Mx.D.P

XD artist, writer, and digital curator.

Their work: Climate Chaos Cruise App, KindPinkNet, and The Abstracted Materialism Manifesto, reflects a commitment to building creative, resilient communities that can withstand geo-political climate chaos.


To envision: an inclusive society founded on creative kindness using the universal language of art.

Tutorial with JK 18th of Feb….Busy with the art equation +

It’s been another tough week. When the going gets tough… the tough get going.

It is Sunday, I am bloody exhausted…

Monday – was hard. Registering Dwain’s death, I knew it would be painful; my son Eddie went with me and watching his face was difficult… he was shocked when I had to pay by credit card for the death certificate… yes, folks, death isn’t free… Eddie said that was some dystopian bullshit… Money has been flying out the door, fixing a broken house, fixing us is more difficult to do… The lady at the bank gave me a fruit cake to take home and have a cuppa with… random acts of kindness are everything…

Tuesday—The tutorial went great. This MA has given me focus, and I have clear ‘paths’ to follow… Big Wave, the Digital-Cruise-Portal, more art festivals, more community art projects, the PhD, and always at its foundation, THE NETWORK… I expect the universe will decide; I don’t presume any more. The Temporal Turn cured me of that illusion… I will do the work and see where I end up.

I’ve been working all week on the feedback strategy for Gwyl Cariad, surveys, and interview questions. We will need good metrics if we are to get funding for next year.

Post Festival metrics

I’m not the only one who’s been working hard. Big Wave put their two-penth in for Jess’s TED Talk Aber, but it was Jess and Issac who put together a fantastic presentation for Jess to deliver.

Jess delivers a TED Talk Aber, all about Gwyl Cariad and Big Wave.

That’s the amazing thing about a network… for it to work, it has to grow… it has to take on a life of its own…

Thursday – I went to pick up my boobs from the Gay Bookshop, but a tree down stopped Pete from getting into town, so Gender Traitor hangs a little longer. It did give me a chance to test Prof X on the hill! My verdict is scary but do-able… back home to the afternoon MA lecture.. to hear the amazing Clara Duran talk about her practice and PhD.

I found the PhD information helpful, especially as I want to undertake a practice PhD. The subject, however, I found wildly gender dysphoric. We are so lucky on our course to have a wide variety of artists, and I was able to talk on WhatsApp during and after the talk about this. We both had the same reaction. It made me think I need a trigger warning for my presentation next week.

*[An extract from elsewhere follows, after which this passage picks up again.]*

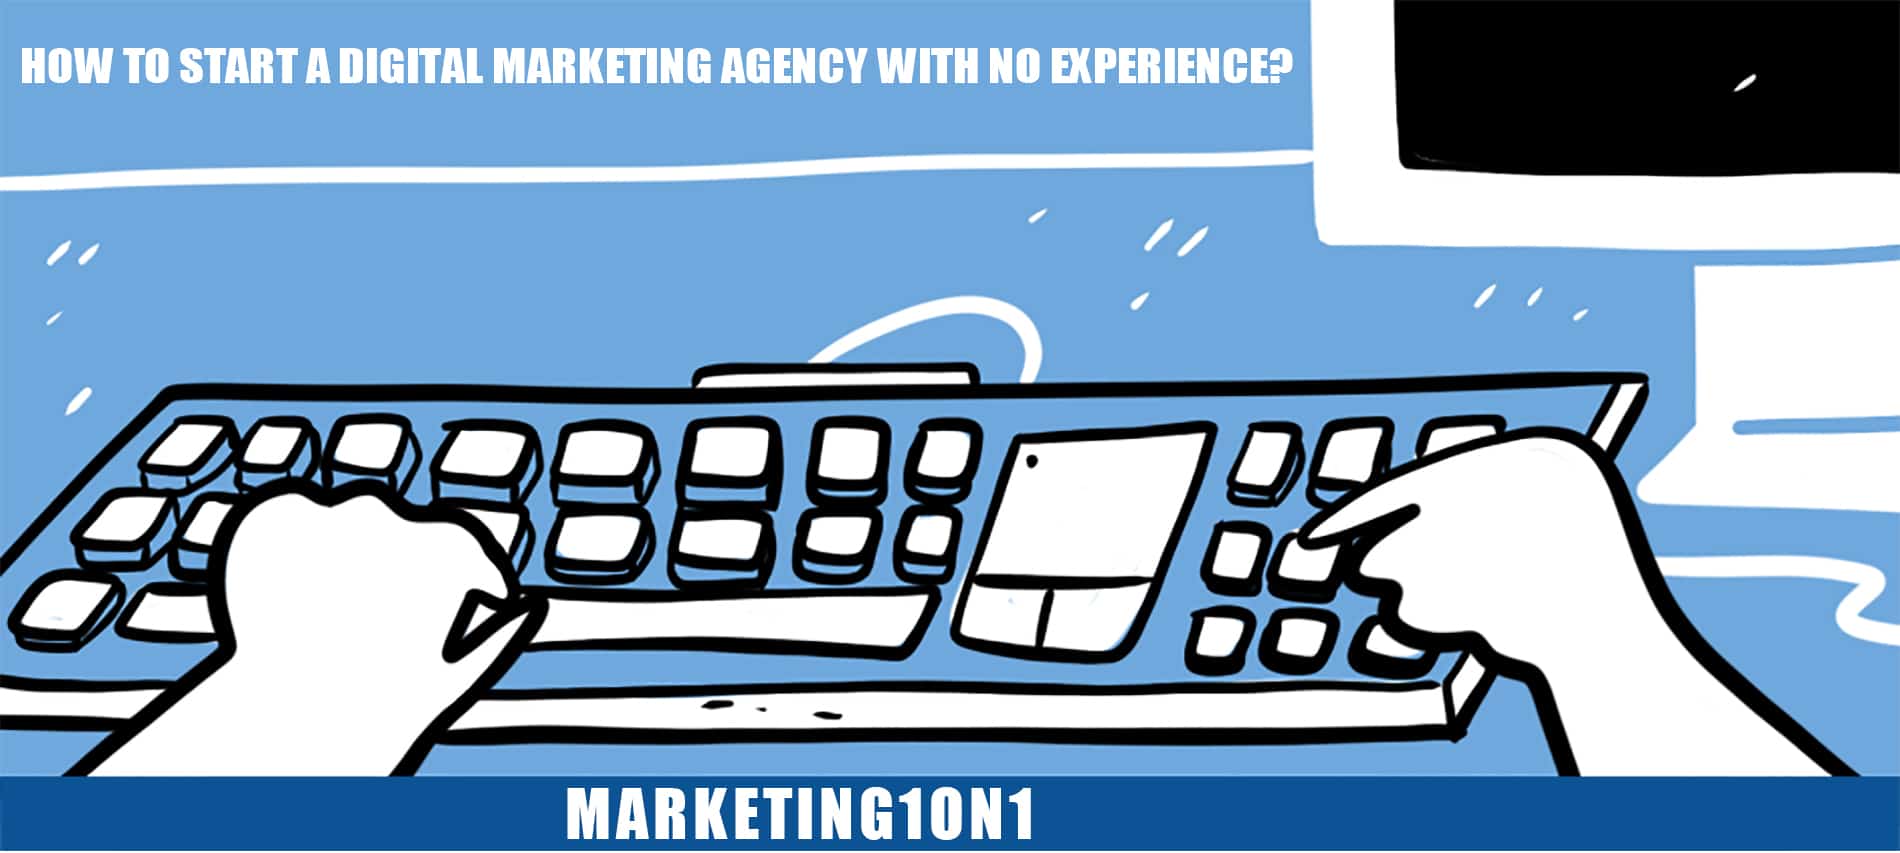 How to start a digital marketing agency with no experience?

I am on Red Notice at the moment, and my liver and heart are acting up, yet it is me, f*cked and 60, that lives, and my husband, ex-professional cage fighter and wrestler 47, who is dead. It’s enough to give you high blood pressure…

The emotional rollercoaster of grief…

So Friday – saw me in the hospital for an Elastography fibroscan and lots of blood tests from the vamps… well the funny thing about life is the folks you meet on the way. I happened to talk to 3 wonderful women, all of who had lost their husbands or had just dealt with death… I came to the conclusion that as horrific as it was, it could have been much worse and that Dwain had a good death if too soon… the scan was normal… the bloods we will have to see…

Saturday – was a sunny day. The TED talk was in town, but I was testing Prof X… to execute my art plans; I need to be mobile. I need to learn how to navigate myself around the world. This is proving, as always, to be a challenge. From cruise ships to art galleries, not to mention Transport for Wales trains, I can tell you it’s a complete minefield! I won’t bore you; I just want to say that I have the bloody art equation to deal with before I do any art. Can I get there? How much pain will I suffer in getting there? Will that poo get stuck in my bum when I am in the restaurant toilet, and how will I dig it out? Will that broken glass bottle puncture my powerchair wheels? Will those daft tw*ts move out of the way when I am trying to get my powerchair through the railway carriage door, which only has a cm of clearance on each side? …no wonder crips are notoriously cross…

Sunday—I am bloody exhausted. Oh yes, that’s where I started this blog. I hope the cats are not sick tonight and don’t have me up letting them in and out all chuffing night. I hope my hips don’t hurt and I can have some sleep… I’m looking forward to the low-res. I might just sleep all week at the Premier Inn…

Prof X on the train I reversed him in that space… yes go me! I was in tears by the time I got home though!!